NEXT UX: Three experiential concepts showcase the importance of the customer journey




WHENEVER I TRAVEL to new cities or countries, part of my “discovery therapy” and jetlag cure is to get out and see hospitality, retail, public spaces and food services in my destination. Sometimes the places I visit are not exactly new or haven’t been mentioned in the press before, but my judgement sees through the lens of engagement as to whether the place grabs me and makes me want to linger.

For decades, the metric of time has been an important measurement of keeping the consumers’ interests in a retailer’s services and products. It’s why signage, visual merchandising and great design entries are such magnets in crowded marketplaces.

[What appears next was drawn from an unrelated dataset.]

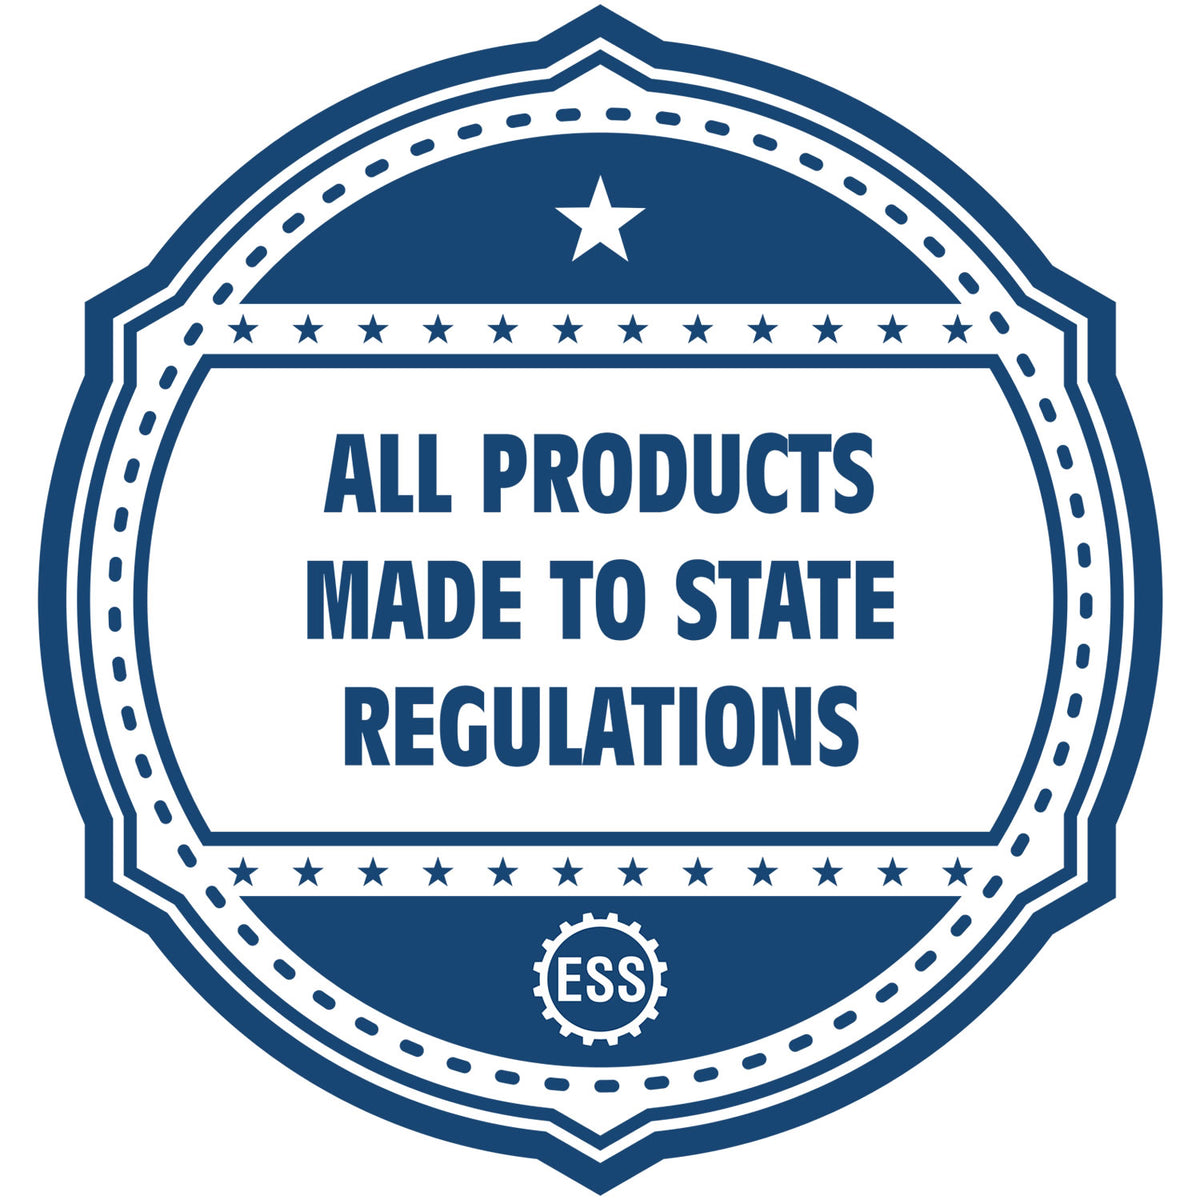 An icon or badge element for the Handheld West Virginia Professional Engineer Embosser showing that this product is made in compliance with state regulations.

📷: Ulf Wittrock / Shutterstock

📷: Ulf Wittrock / Shutterstock

Here in Europe, where I’m based for a few months, it’s also easy for me to compare to what I see back home in North America. With that in mind, there is also a little to compare and contrast.

I love nothing more than going to food markets – small or large – in any country I visit. There is just something about seeing how they merchandise, how they place signage and decor, and their product mix.

Germany is especially home to some of the largest retailers in the European Union. Even here, however, there are two surprises and I happened upon that frankly captured both my mind and wallet.

Many of you have likely read about the Globetrotter flagship in Cologne (Köln) which, many years into its life (17 years), is still a busy emporium in the walking district of this historic city. Globetrotter covers 75,000 square feet over four levels and it still delivers a powerful, interactive experience for sports enthusiasts.

While the store shows its age in some respects, its central pool and elliptical shape creates a unique journey with visual vistas everywhere you look, reminiscent of the very outdoors it celebrates. From testing a headlamp in a dark room to learning to scuba dive in a 14-foot pool is just part of the outdoor lifestyles you can try out at Globetrotter in the middle of a city of 1.5 million residents.

Cologne, like most European cities, has a network of pedestrian-friendly streets that feature a collection of local, national and international brands. While walking I discovered, as you often do in these cities, one of those gems. It’s a new retail concept called Obi Mach Bar; its name translates roughly into Obi Make Bar, taking a nod from its namesake parent OBI, a German mega-retailer in the DIY space (a typical OBI store is shown on pg. 16).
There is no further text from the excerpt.